女医の与謝野は付き合いが長い分、驚きも大きいようだ。
「ボクもあんな穏やかっテいうか柔らかな国木田さん初めて見ました……」
「あのお二人、知り合ってどのくらいでしたっけ?」
探偵社でも若手の二人が立て続けに口を開く。
入社以来厳しい国木田をずっと近くで見てきた谷崎は開いた口が塞がっていないし、こういう色恋沙汰に疎い賢治ですらも興味津々といった様子だ。
「あの喫茶に行ったのが初めましてだから………だいたい1ヶ月と少しってところかな。」
この中でも一番乗り気な太宰は口元がやけに緩んでいる。ちなみに、この応接間の覗きを提案したのももちろんこの男だ。

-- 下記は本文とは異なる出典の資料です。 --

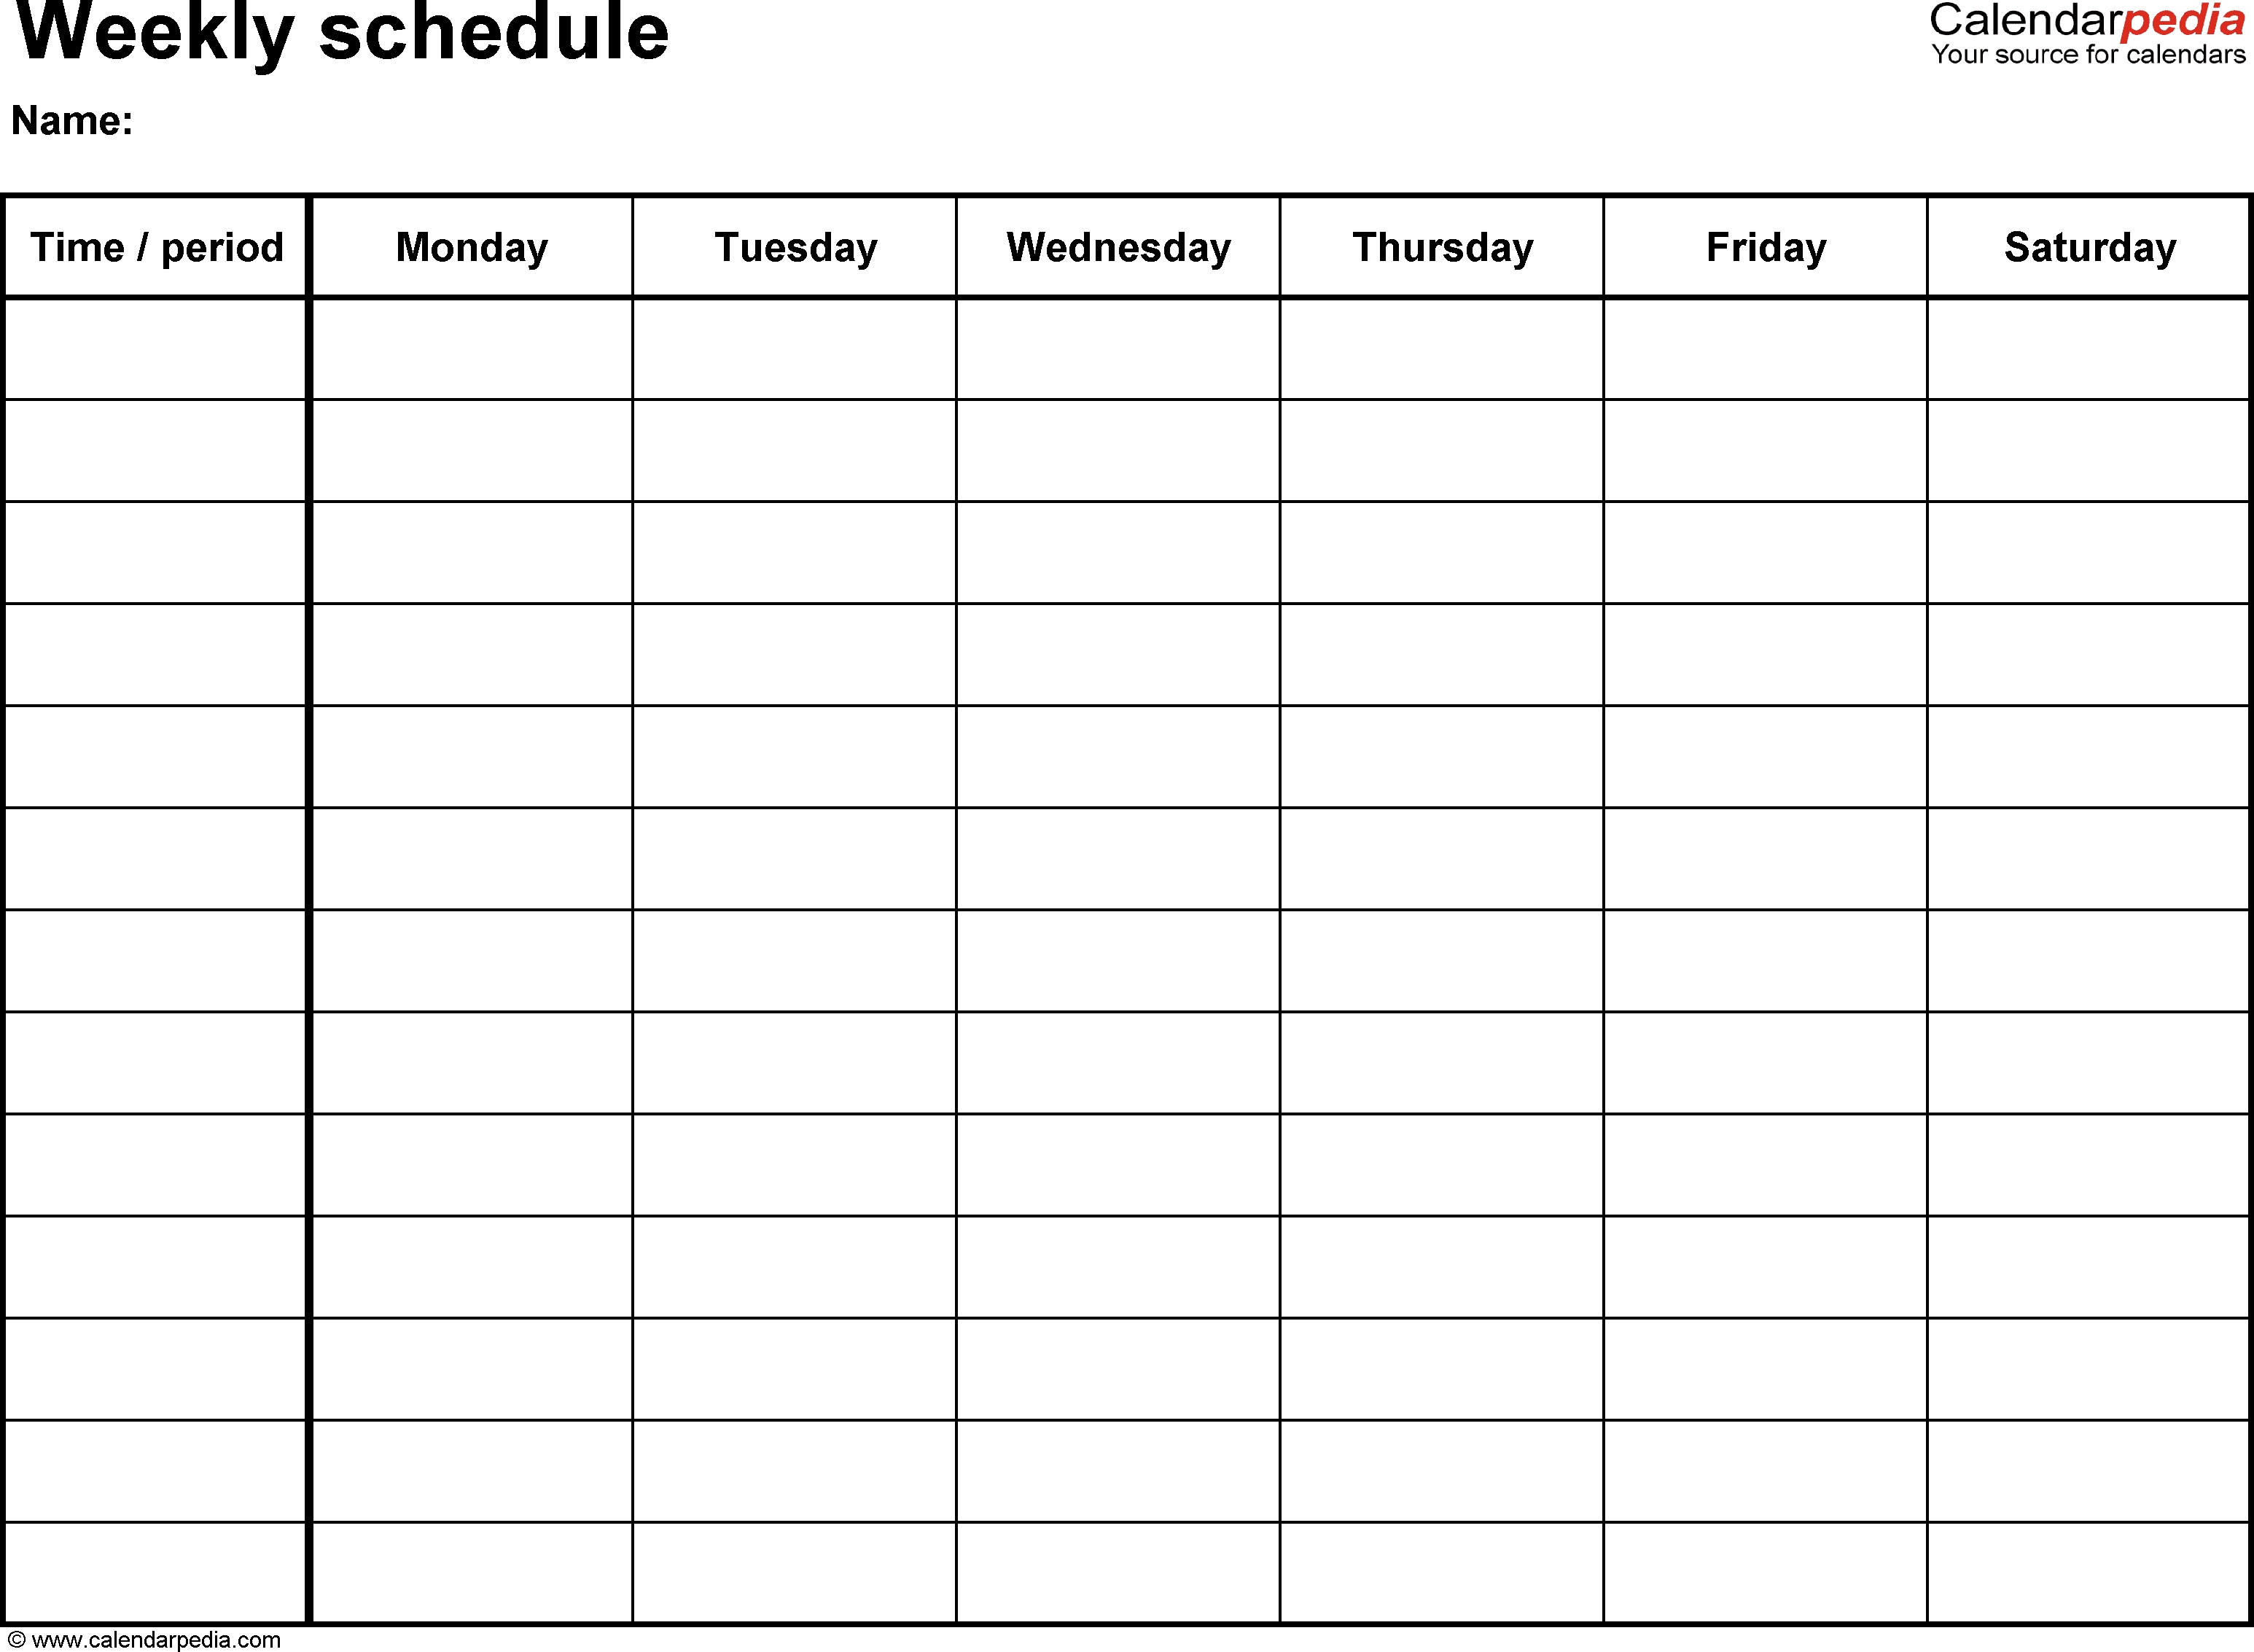 Free Weekly Schedule Templates For Pdf - 18 Templates within Printable Weekly Planner Calendar Template

「そうとは思えないね。あの空気は熟練の夫婦……っていうか老夫婦の安定感だよ。」
スナック菓子を頬張りながら乱歩が呟く。
この事態はさすがの世界的名探偵でも驚く部分があるようだ。
ちなみに、Aが国木田に好意を寄せているのは社内全体の共通認識だし、国木田が異様にAを気にかけているのも周知の事実だ。話によれば、国木田はもうAに手を出しただとか、実はあの二人は昔からの許婚だとかあることないこと囁かれている。もちろんそんな噂を流したのはあの男である。しかし、それが信じられてしまっているのも、最近の国木田のAに対する態度によるものであるから、自業自得と言えなくもないのだ。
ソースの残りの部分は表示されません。